▶ _HOW TO COMPLETE THIS TASK_
Repeat the data below in full. Pictures must not be part of the copy.

▶ _COLLECTED MATERIAL_
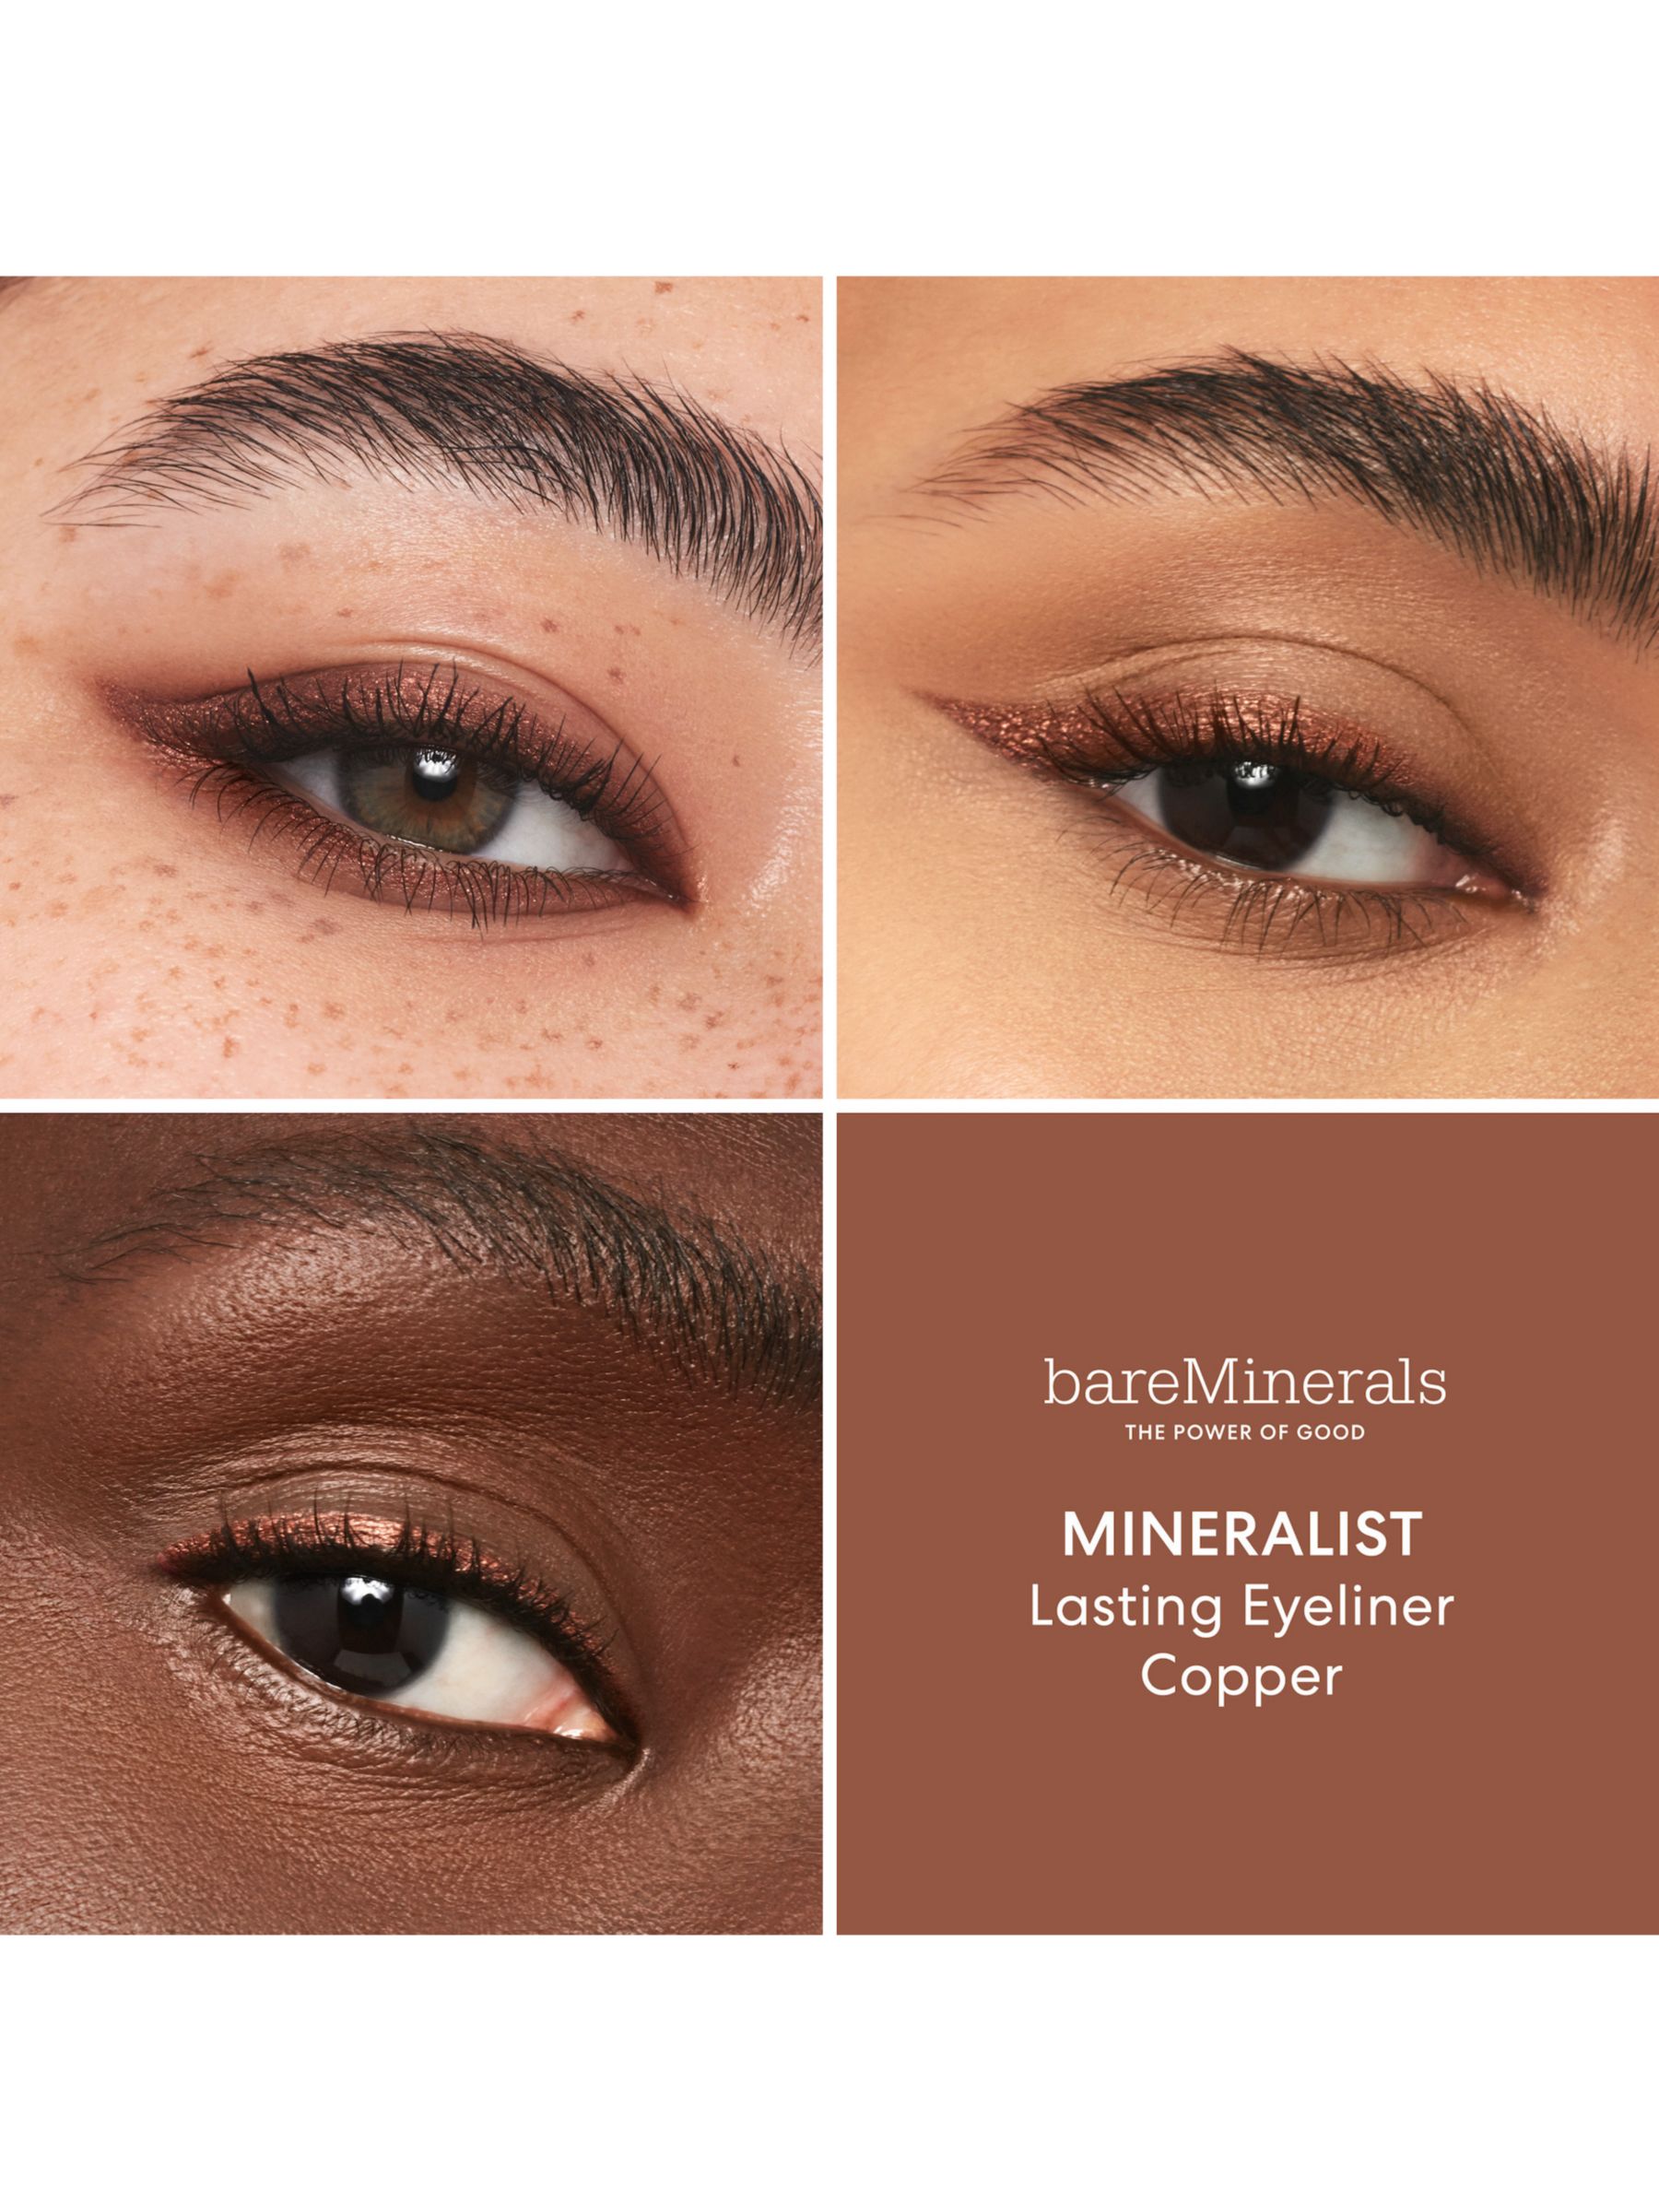 bareMinerals MINERALIST Lasting Eyeliner, Copper 4
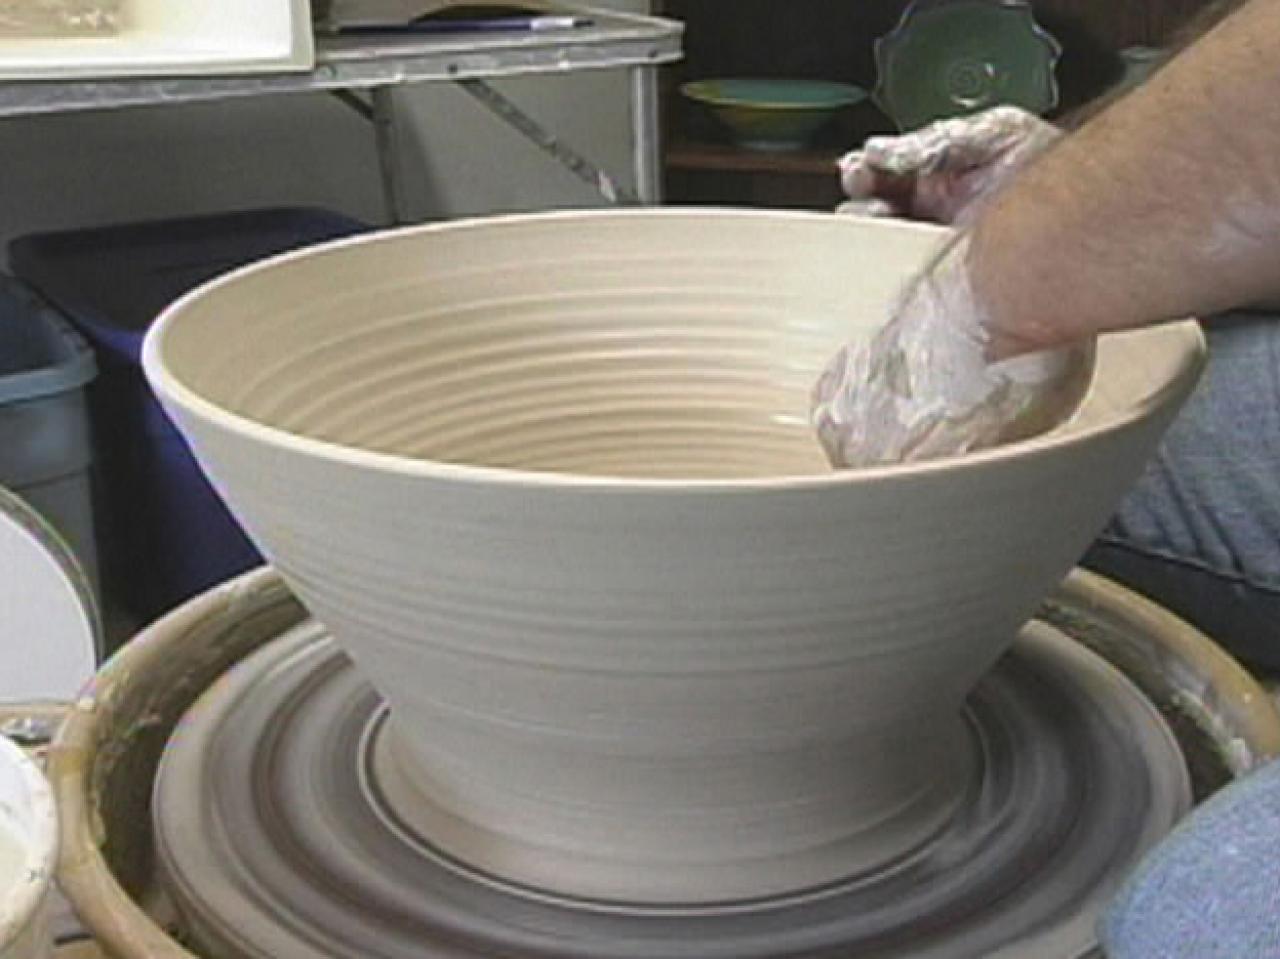 Handmade sinkMoroccan pottery sink pottery cacker ceramic sink.
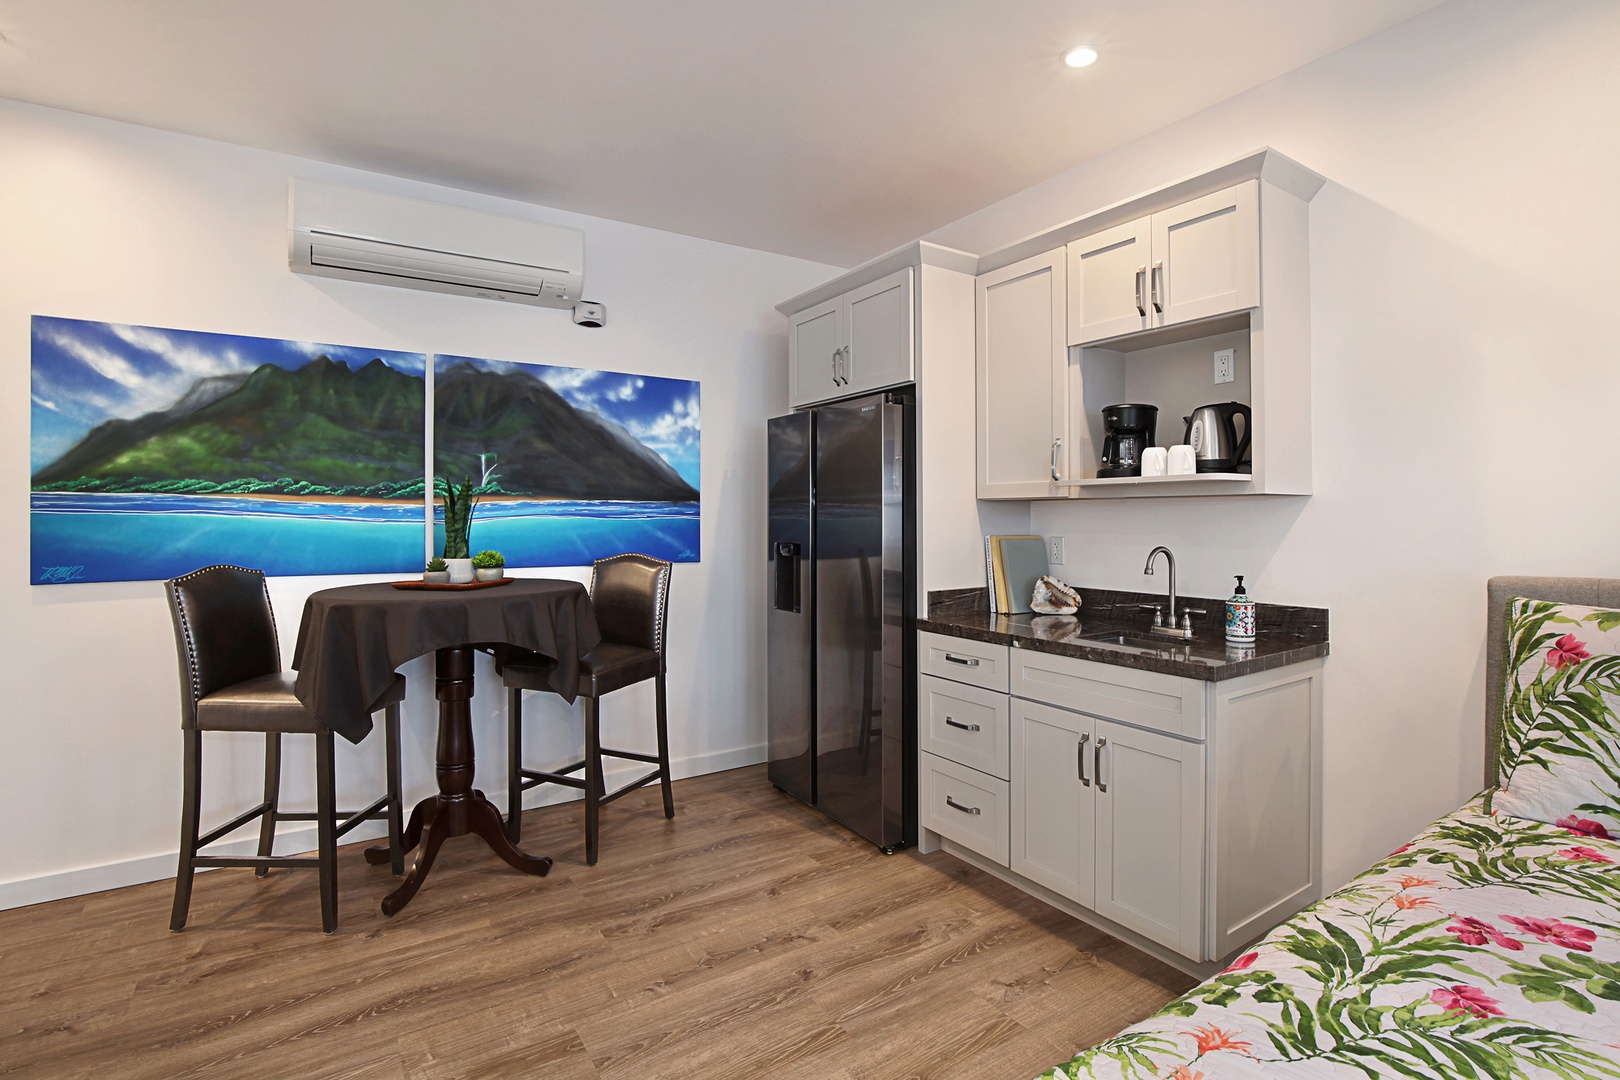 Koloa Vacation Rentals, Haupu Hale at Poipu - Twin bedroom with kitchenette

▶ _WRITTEN SOLUTION_
 bareMinerals MINERALIST Lasting Eyeliner, Copper 4
 Handmade sinkMoroccan pottery sink pottery cacker ceramic sink.
 Koloa Vacation Rentals, Haupu Hale at Poipu - Twin bedroom with kitchenette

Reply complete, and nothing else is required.